In Matthew 20, Peter wanted to know what he and the others would get for their discipleship, which they considered a major contribution on their part. But when Jesus answered as He did, He was teaching that although the disciples would receive rewards for their service, anything they received from God – whether rewards for service or eternal life itself – was a gift flowing from the grace of God only. Sola gratia! God owes us nothing, not even a chance to hear and respond to the Gospel.

Most people think He does, of course, which is why even Church-going people think so little of grace today. “Amazing Grace” by John Newton used to be one of the most popular hymns. But today, as J. I. Packer says in Knowing God, “amazing grace” has become “boring grace” for many people. It is boring because we do not think of ourselves as sinners – at least not very great sinners – and because we think God owes us something anyway.
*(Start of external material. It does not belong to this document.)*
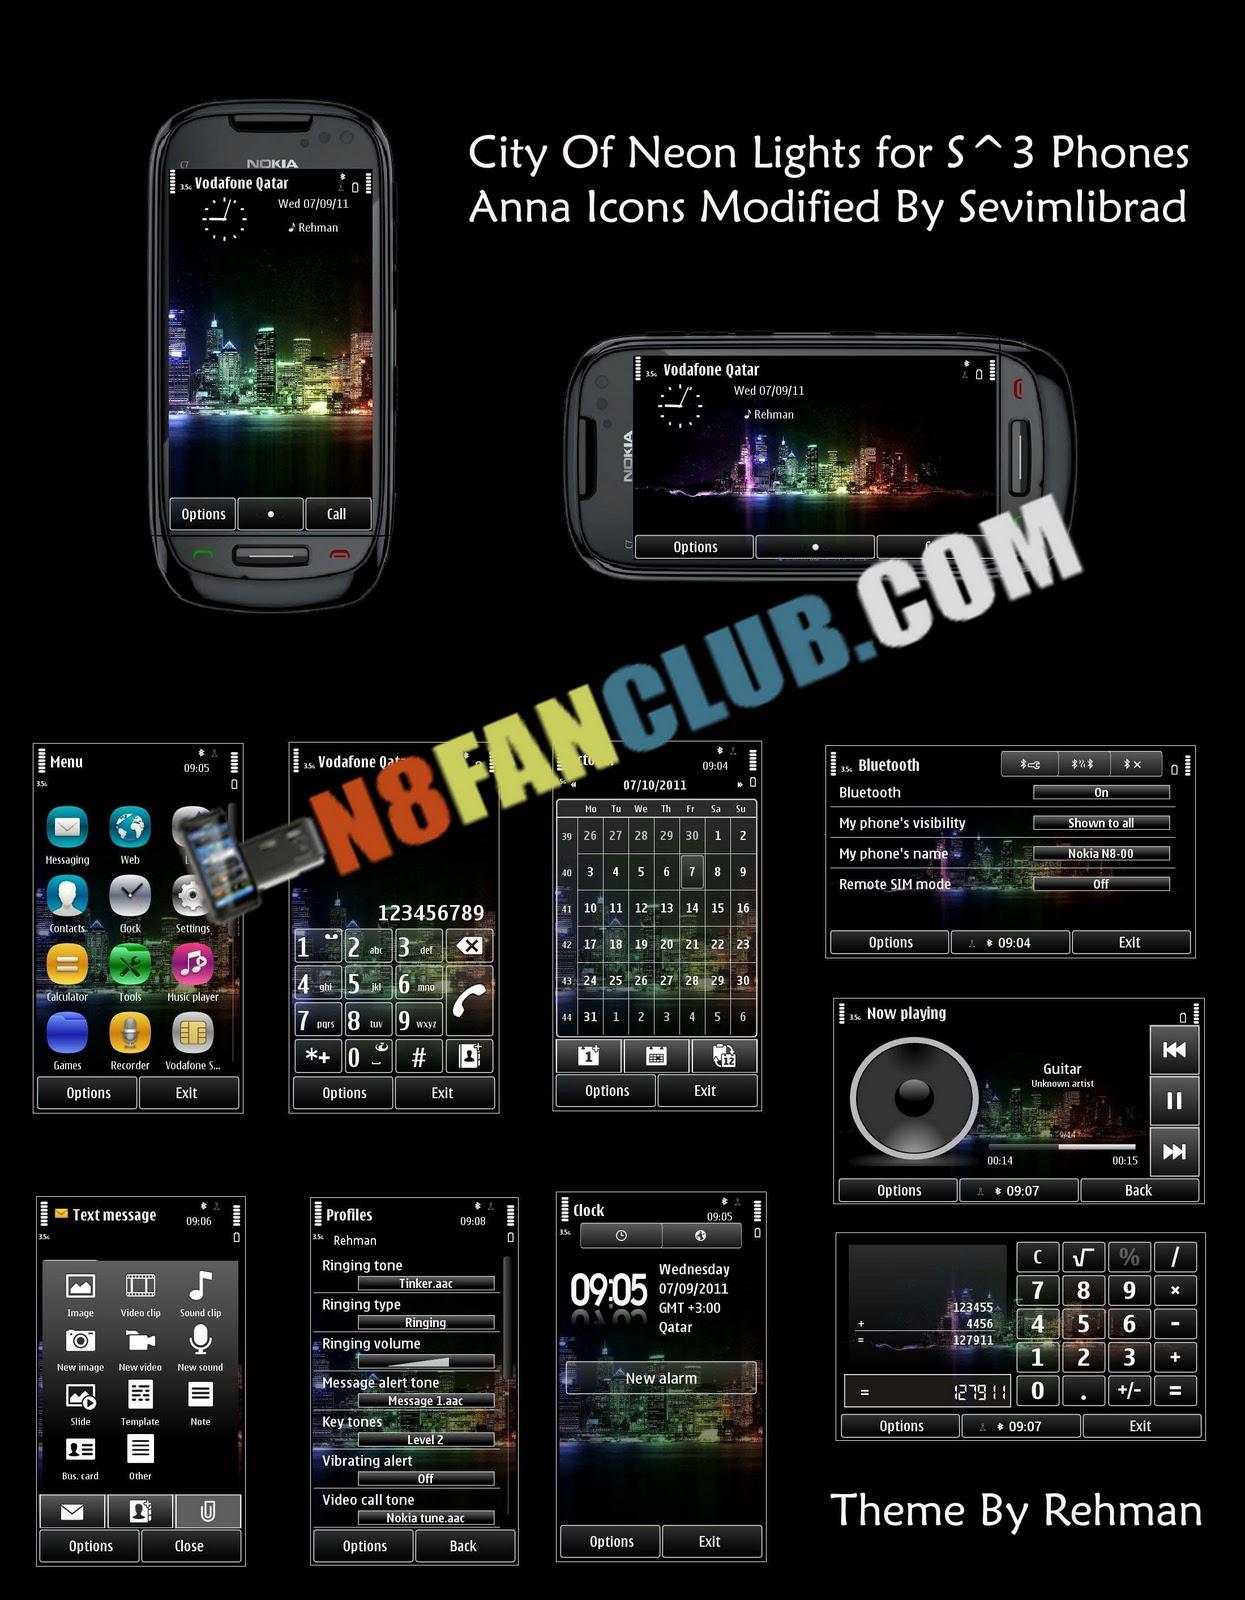 http://2.bp.blogspot.com/-h8lCvkIOnBA/TwxB7677QLI/AAAAAAAAG2k/C0AX3Si22Hk/s1600/img-95833-tn-preview.jpg
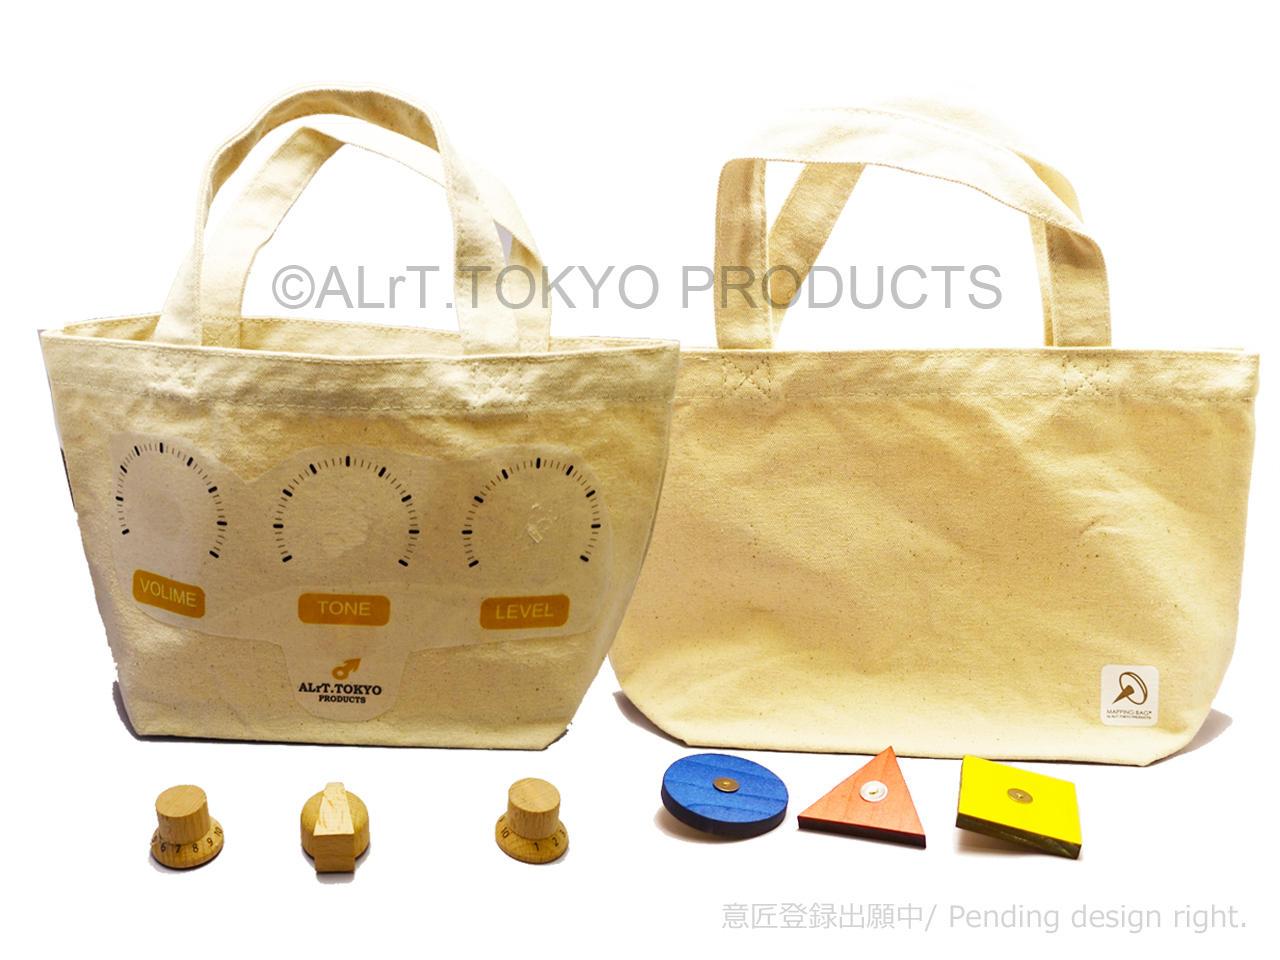 http://alrt.tokyo/news/sample_pict_nobadge.jpg

We are kind, generous, forgiving. Why shouldn’t God be?

What Jesus has to tell us is that God is not like human beings and does not operate in line with our ideas. Everything in God’s kingdom is based on grace, which is why “the last will be first, and the first will be last.”

Nothing in the immediate context of Matthew requires us to see anything more in the parable than that. But I cannot help but notice that it is one of a certain class of parables that deal in part with the problems the Jews had when Gentiles began to believe the Gospel and embrace Christianity. The problem is reflected in the person of the older brother in Jesus’ parable of the prodigal son (Lk.15.11-32). It is seen in the parable about the banquet to which many were invited but refused to come (Mt.22.1-14) and in the parable of the Pharisee and the tax collector (Lk.18.9-14).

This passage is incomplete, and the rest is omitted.